Workflow management systems (WFMSs) that are geared for the orchestration of enterprise-wide or even “virtual-enterprise”-style
business processes across multiple organizations are complex distributed systems. They consist of multiple workflow engines,
application servers, and ORB-style communication servers. Thus, deriving a suitable configuration of an entire distributed
WFMS for a given application workload is a difficult task.
This paper presents a mathematically based method for configuring a distributed WFMS such that the application’s demands regarding
performance and availability can be met while aiming to minimize the total system costs.
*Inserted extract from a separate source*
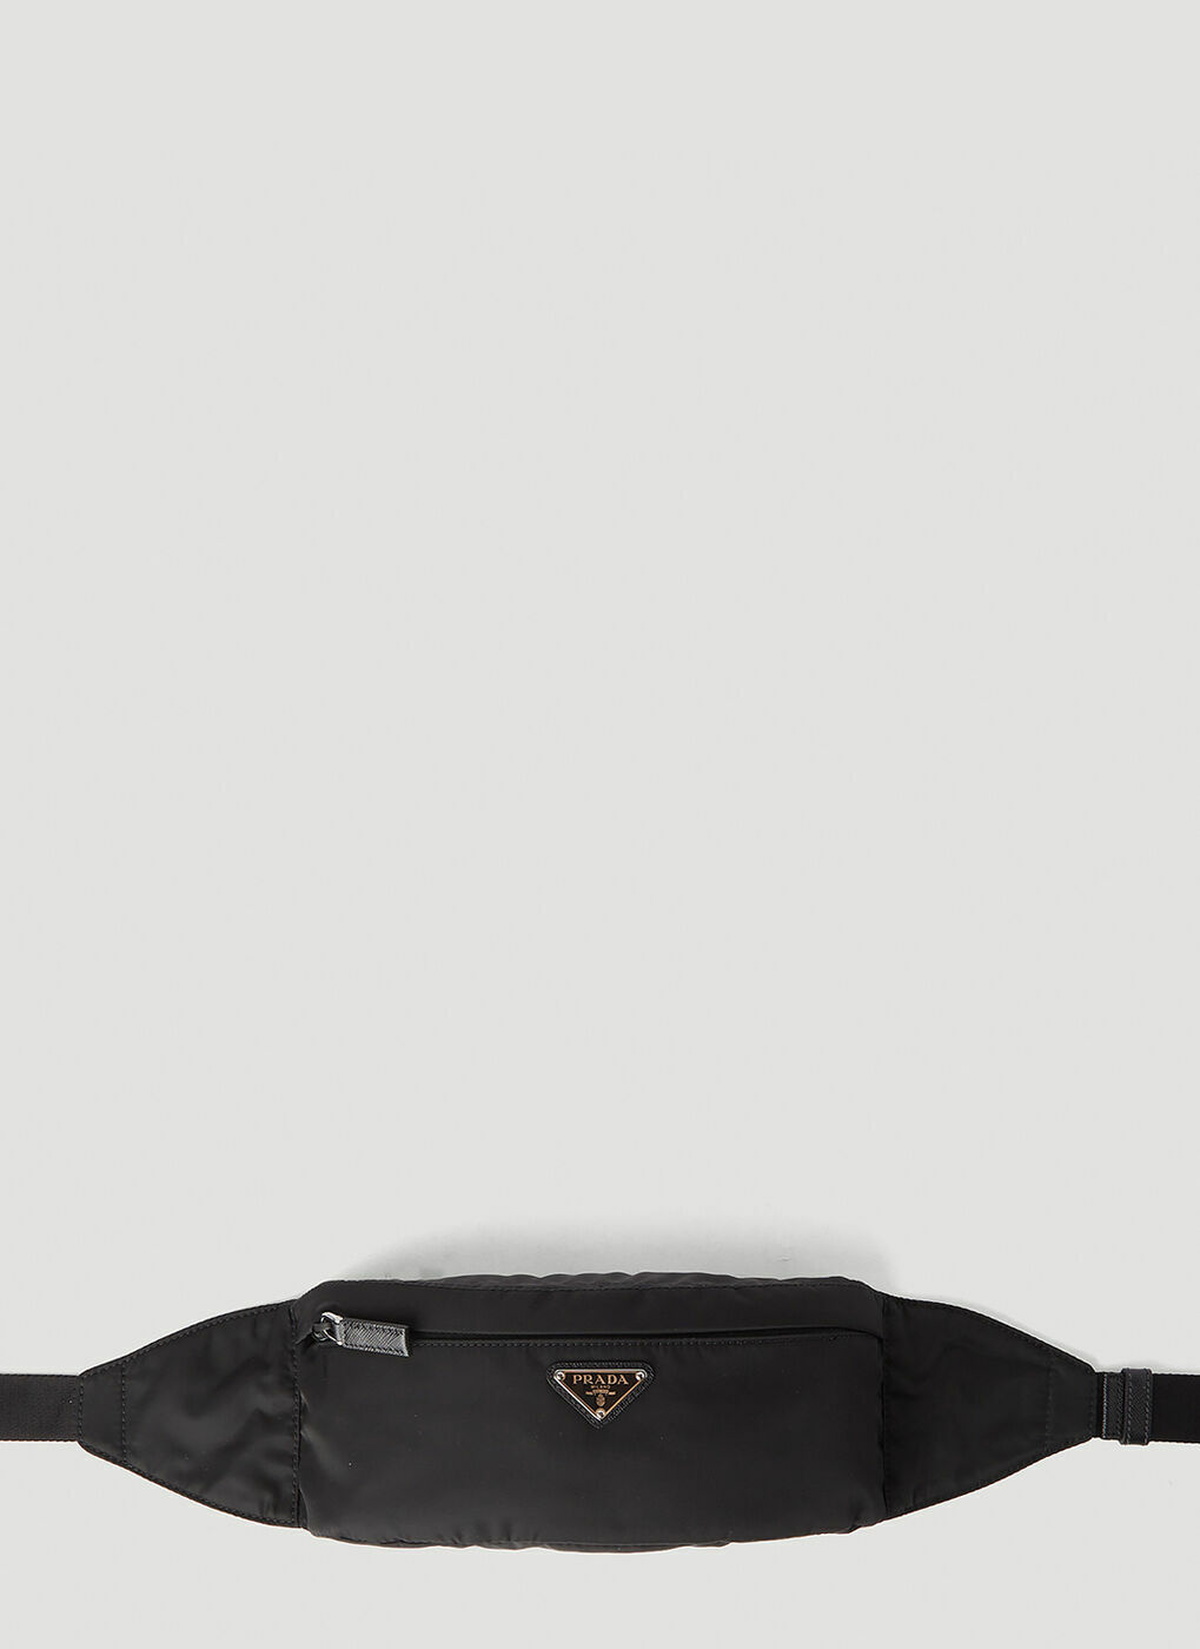 Prada Marsupio Re-nylon Belt Bag in Black for Men

The major degree of freedom that
the configuration method considers is the replication of the underlying software components, workflow engines and application
servers of different types as well as the communication server, on multiple computers for load partitioning and enhanced availability.
The mathematical core of the method consists of Markov-chain models, derived from the application’s workflow specifications,
that allow assessing the overall system’s performance, availability, and also its performability in the degraded mode when
some server replicas are offline, for given degrees of replication. By iterating over the space of feasible system configurations
and assessing the quality of candidate configurations, the developed method determines a configuration with near-minimum costs.
This work was performed within the research project “Architecture, Configuration, and Administration of Large Workflow Management
Systems” funded by the German Science Foundation (DFG).